Procainamide and its metabolite are present in breast milk and concentrations may be higher than in the maternal serum. In a case report, procainamide was used throughout pregnancy with a dose of 2 g/day prior to delivery. After birth (39 weeks' gestation), milk and maternal serum concentrations were obtained over 15 hours of a dosing interval. Mean maternal serum concentrations were procainamide 1.1 mcg/mL and N-acetyl procainamide 1.6 mcg/mL. Mean milk concentrations were procainamide 5.4 mcg/mL and N-acetyl procainamide 3.5 mcg/mL (Pittard 1983). According to the manufacturer, the decision to continue or discontinue breastfeeding during therapy should take into account the risk of exposure to the infant and the benefits of treatment to the mother.
ECG (eg, QRS interval and QTc interval), BP, kidney and liver function; with prolonged use monitor CBC with differential and platelet count; procainamide and N-acetyl procainamide blood concentrations, especially in patients with kidney or liver impairment or receiving a continuous infusion for longer than 12 to 24 hours.

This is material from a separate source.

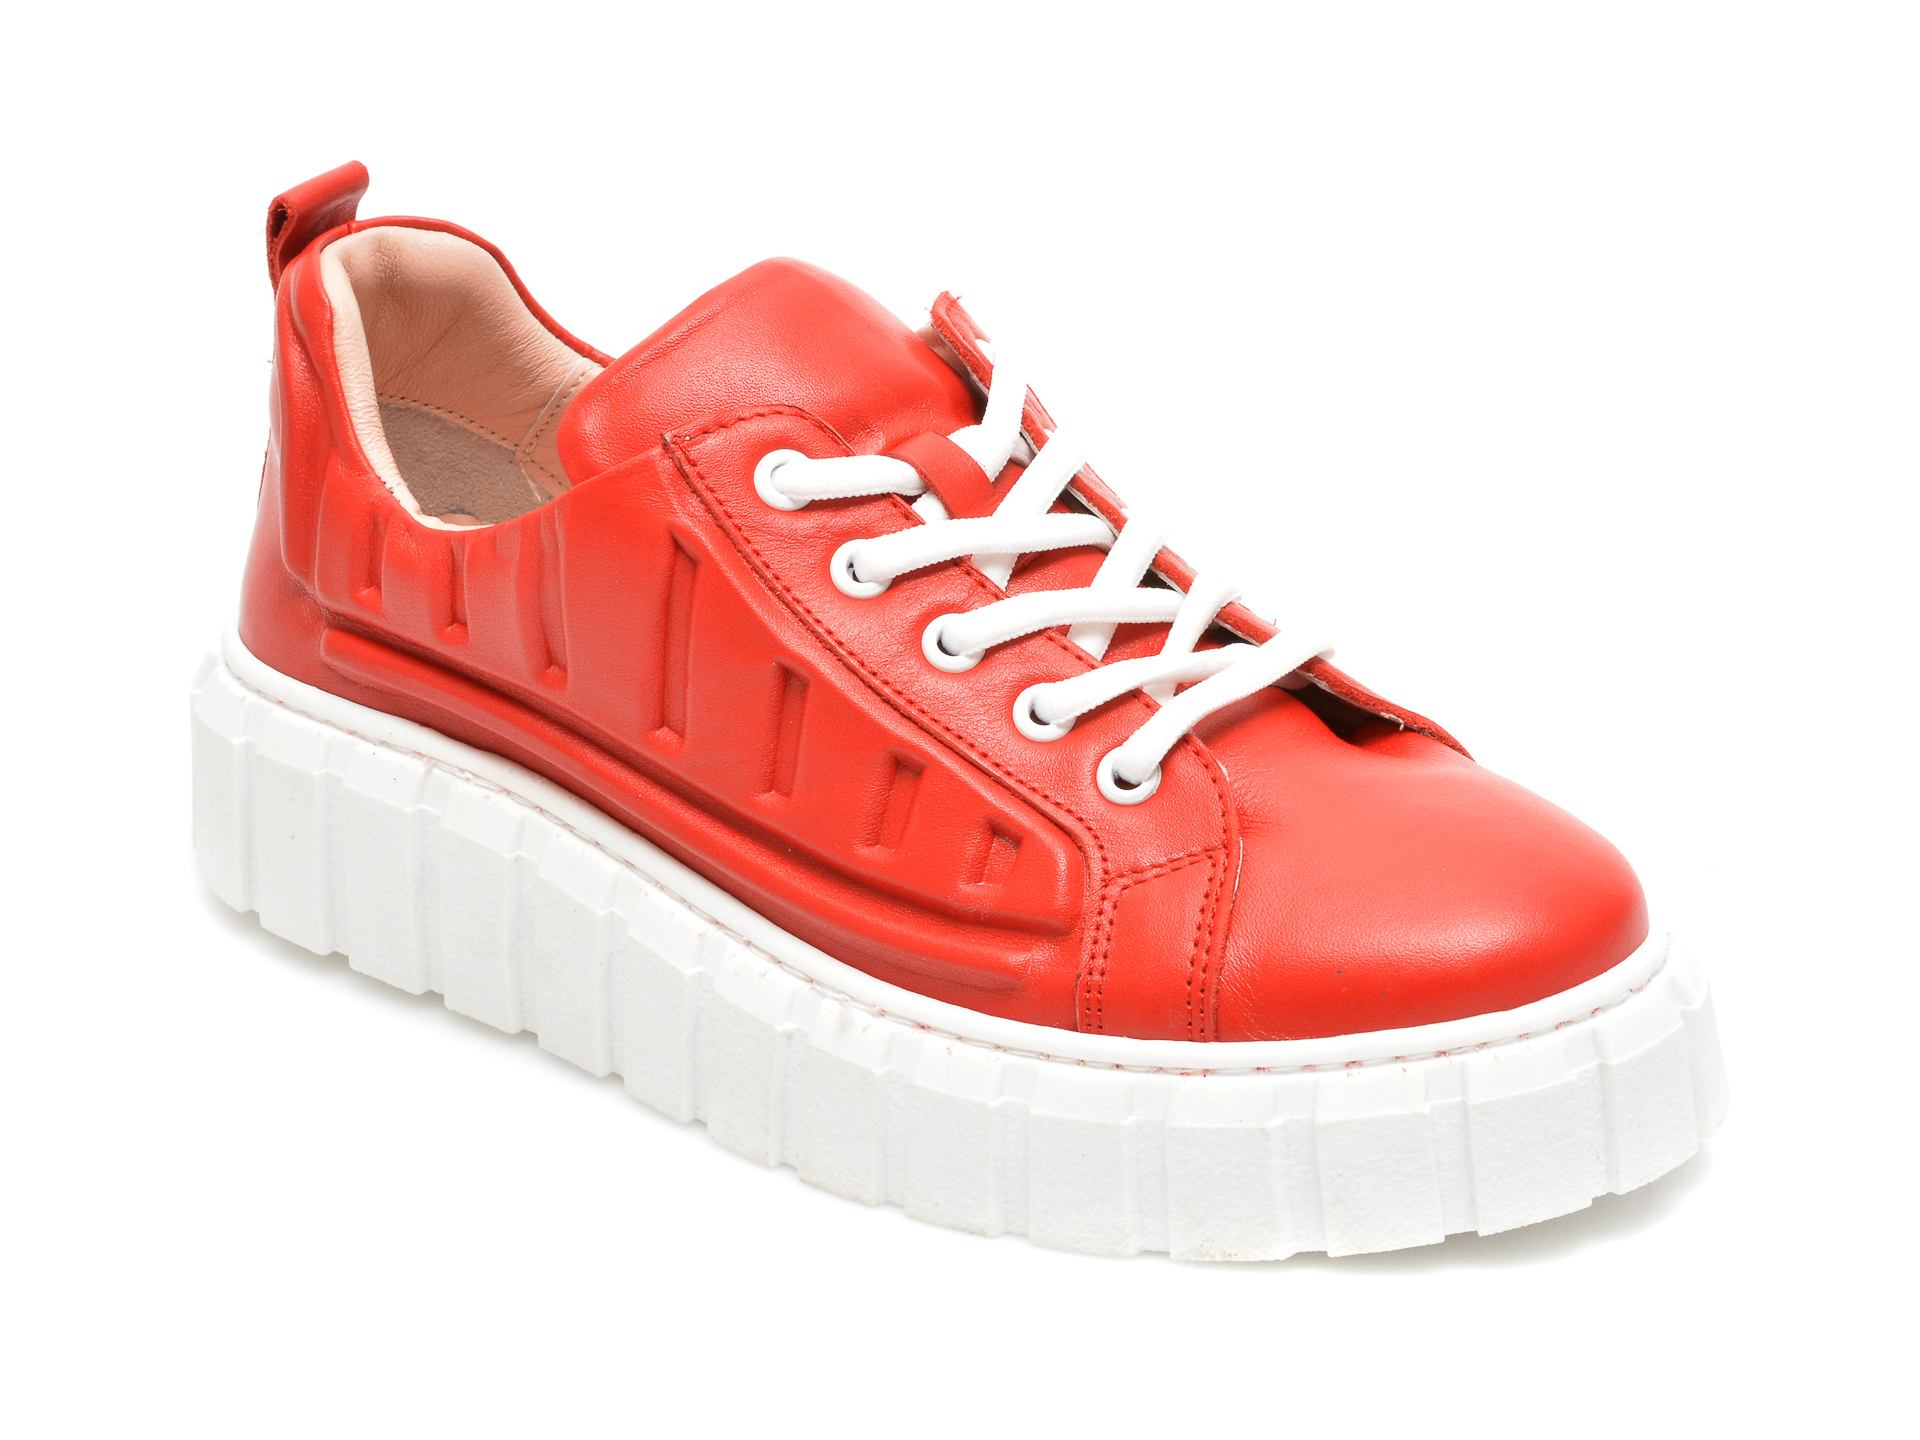 Pantofi FLAVIA PASSINI rosii, 922502, din piele naturala Flavia Passini imagine noua

Timing of serum samples: Draw 6 to 12 hours after IV infusion has started.
Therapeutic concentrations (approximate): Procainamide: 4 to 10 mcg/mL (SI: 16.9 to 42.3 micromole/L); N-acetyl procainamide 10 to 30 mcg/mL (SI: 36.1 to 108.3 micromole/L); combined: 10 to 30 mcg/mL. Therapeutic index is wide and varies between patients. An effective serum concentration in one patient may cause toxicity in another (Bauer 2008; Boro 2004; Connolly 1982; Giardina 1984).
Toxic concentration: Procainamide: >10 to 12 mcg/mL (SI: >42.3 to 50.8 micromole/L) (occasional toxicity); 12 to 15 mcg/mL (SI: 50.8 to 63.5 micromole/L) (more toxicity); >15 mcg/mL (>63.5 micromole/L) (commonly causes toxicity) (manufacturer’s labeling).
Decreases myocardial excitability and conduction velocity and may depress myocardial contractility, by increasing the electrical stimulation threshold of ventricle, His-Purkinje system and through direct cardiac effects
Onset of action: IM 10 to 30 minutes
Distribution: Vd: Children: 2.2 L/kg; Adults: 2 L/kg; decreased with congestive heart failure or shock
Protein binding: 15% to 20%
Metabolism: Hepatic via acetylation to produce N-acetyl procainamide (NAPA) (active metabolite)
Half-life elimination:
Procainamide (hepatic acetylator, phenotype, cardiac and renal function dependent): Children: 1.7 hours; Adults: 2.5 to 4.7 hours; Anephric: 11 hours
NAPA (dependent upon renal function): Children: 6 hours; Adults: 6 to 8 hours; Anephric: 42 hours
Time to peak, serum: IM: 15 to 60 minutes
Excretion: Urine (30% to 60% unchanged procainamide; 6% to 52% as NAPA); feces (<5% unchanged procainamide. Note: >80% of formed NAPA is renally eliminated in contrast to procainamide which is ~50% renally eliminated (Gibson, 1977).
Altered kidney function: Elimination half-life is prolonged.
Older adult: Elimination half-life is prolonged.